Lack of resources is typical of developing economies. One of the interesting things happening in climbing is that even as it is recognized as a sport with European roots, at present its growth is driven a lot by the Asian market. Affordability cannot be ignored in such contexts. The Navi Mumbai World Cup is itself an example of this drift – climbing’s rising popularity in Asia helps endorse the case for a World Cup in India. At the same time, budgetary constraints saw one of the walls used in the competition being fabricated locally. That is the affordability paradigm at work. Sean McColl is Athlete President in the Athlete Commission, which represents the interests of climbers in the World Cup circuit. I asked him if any athlete exchange programs or special funds to train athletes from the developing world were being thought of as climbing journeys to new geographies. He said nothing has been thought of yet. Potential reasons for it ranged from a lot of the administrative and developmental work in climbing being done on a voluntary basis to the athletes’ own busy schedules. However the IFSC, he said, does what it can to spread the software of climbing, like courses for judges; the rationale being that if climbing infrastructure and know-how grow, then climbing of good quality will follow. As my question was posed against the backdrop of Indian climbers and their feeling that lack of competition experience was doing them in, Sean highlighted another angle: Asian teams like those from Japan and Korea, have had athletes come for their first World Cup and yet make an impression. He had a point. For instance, climbers from Iran are familiar to the Mumbai climbing community thanks to the previous visits they made to participate in the Girivihar annual climbing competition. Iran had two athletes in the men’s semifinal. Singapore’s Ashraf is similarly known to the Mumbai crowd. Although he didn’t reach the semis, he put up a creditable performance. “ It may also be a case of having to work on strength,’’ Sean said as he prepared to leave the venue late evening, having watched the women’s qualifying round.
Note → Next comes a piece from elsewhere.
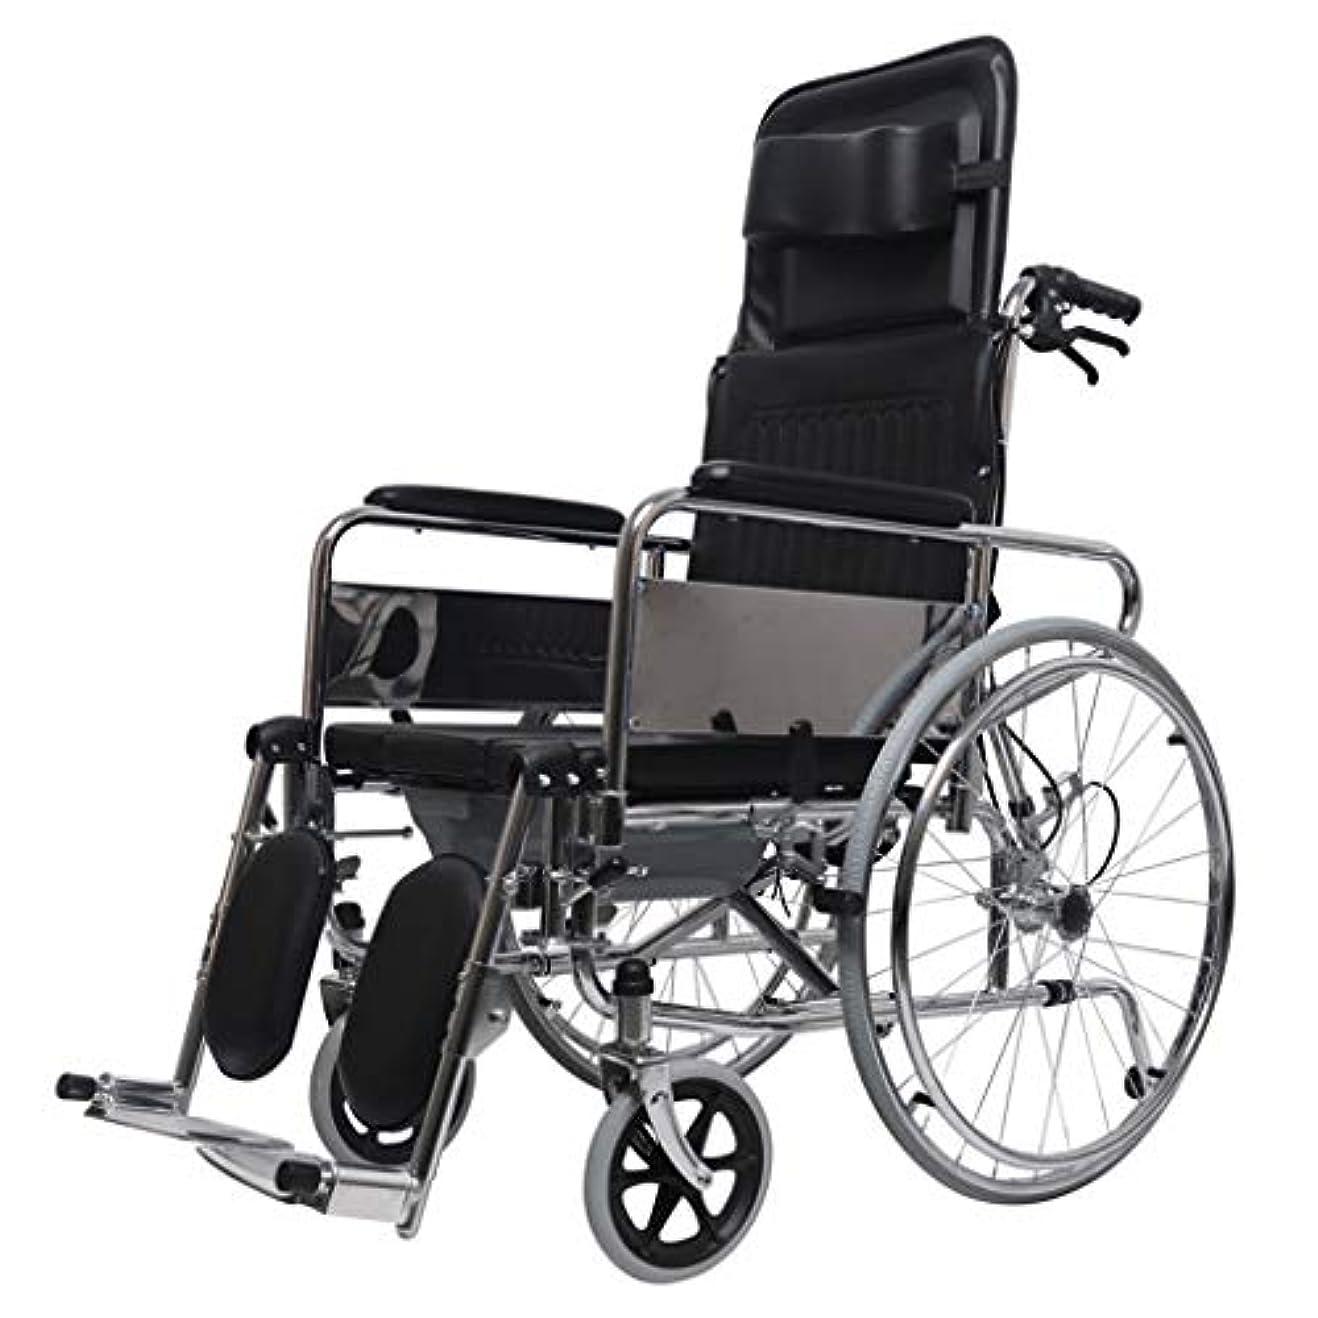 シェトランド諸島教育する影響力のある車椅子トロリー、ブレーキ付き多機能折りたたみ、高齢者向け車椅子、屋外旅行、優れたヘルパー

In the audience at Navi Mumbai, witness to the collapse, was a large contingent of sports administrators and officials overseeing Indian climbing. One thing is clear. The time for excuses is over. Indian climbing either gets its act together and goes about improving the quality of climbing or stays content hosting World Cups. A rising generation wants creative thinking and results to show so that they can stand shoulder to shoulder with the best in the world. The journey will be tough. But the least everyone can do is – make it happen.

(The author, Shyam G Menon, is a freelance journalist based in Mumbai.)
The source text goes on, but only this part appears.